President Obama was in Denver on Tuesday and met a person wearing a horse head mask. This is obviously a pivotal moment for the country and the world, but with such an occasion comes a bevy of questions: What does it all mean? From whence did the horse mask person come? How often does such a thing occur?

As with anything, these thorny issues cannot be resolved with words alone. We must give ourselves over to the comfort of data and numbers, knowing that only through these avenues can we find salvation and providence.

So, onto the charts.

Alberto Cairo:
There is a lot to praise in what all those ventures — and others that will appear in the future — are trying to achieve. Journalists are known for being allergic to math and to the scientific method; some even proudly boast about it.
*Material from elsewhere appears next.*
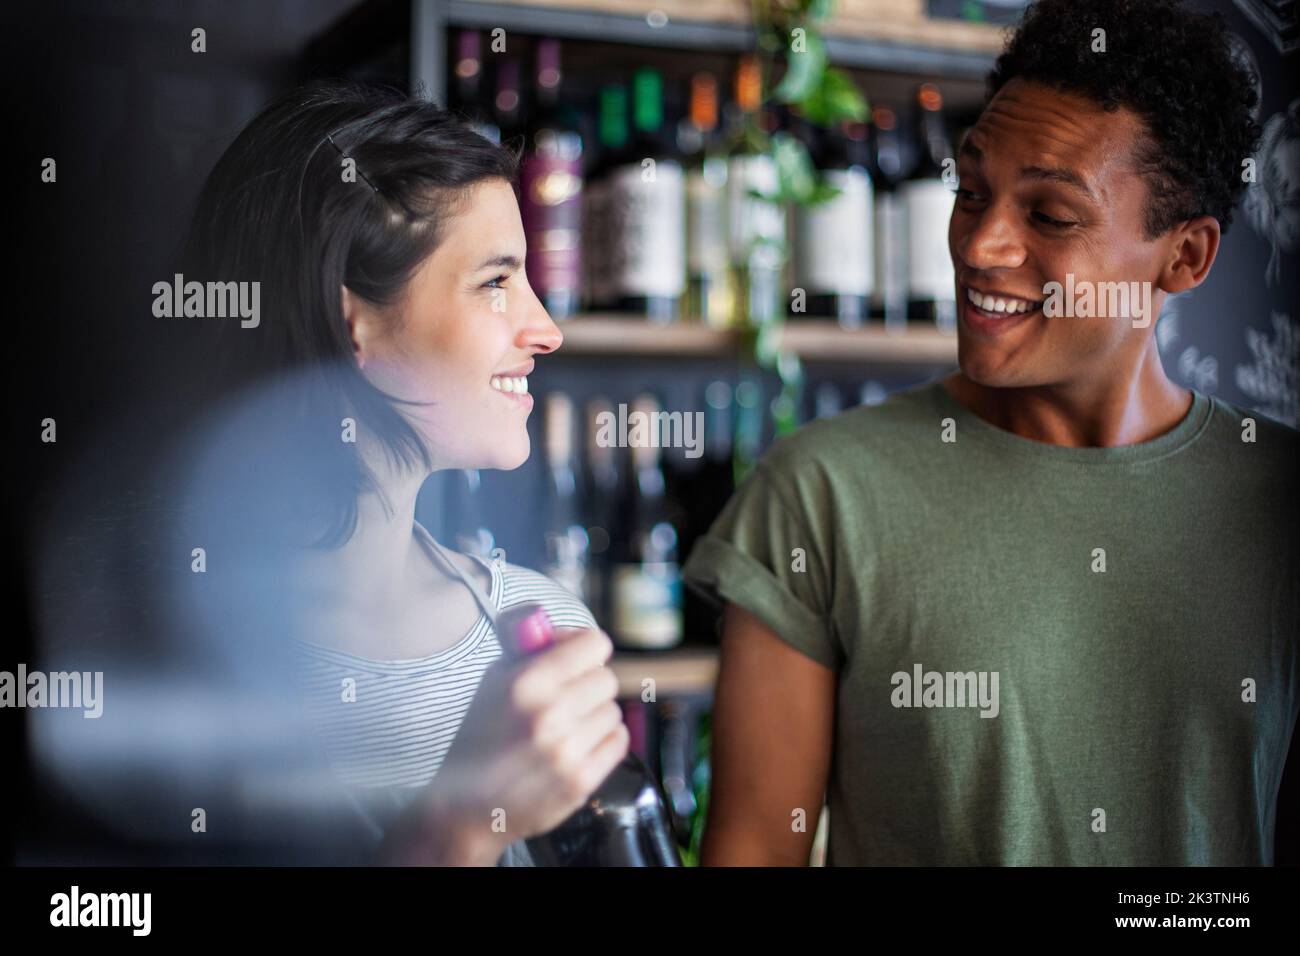 Angestellte im Spirituosengeschäft hält die Flasche, während sie mit dem Kunden spricht Stockfoto

Many in our profession still stick to flawed practices, such as asking the same questions to two or more sources and then just reporting their answers, without weighing the evidence and then pointing out which opinion is better grounded.

At first, the current popularity of the new wave of data journalism seemed to be a good antidote to the epidemic of hardball punditry and tomfriedmanism that has plagued the news for ages. When  Silver published FiveThirtyEight’s foundational manifesto, “What the Fox Knows,” I applauded him with enthusiasm. After all, bad data is pervasive in traditional newsrooms. If you think I’m exaggerating, read this recent and infuriating Washington Post op-ed, which gets causality wrong, is oblivious of ecological fallacies, misinterprets sources, and ends with a coarse, insulting, and condescending line. Don’t blame just the authors. Blame the editors at the Post, too.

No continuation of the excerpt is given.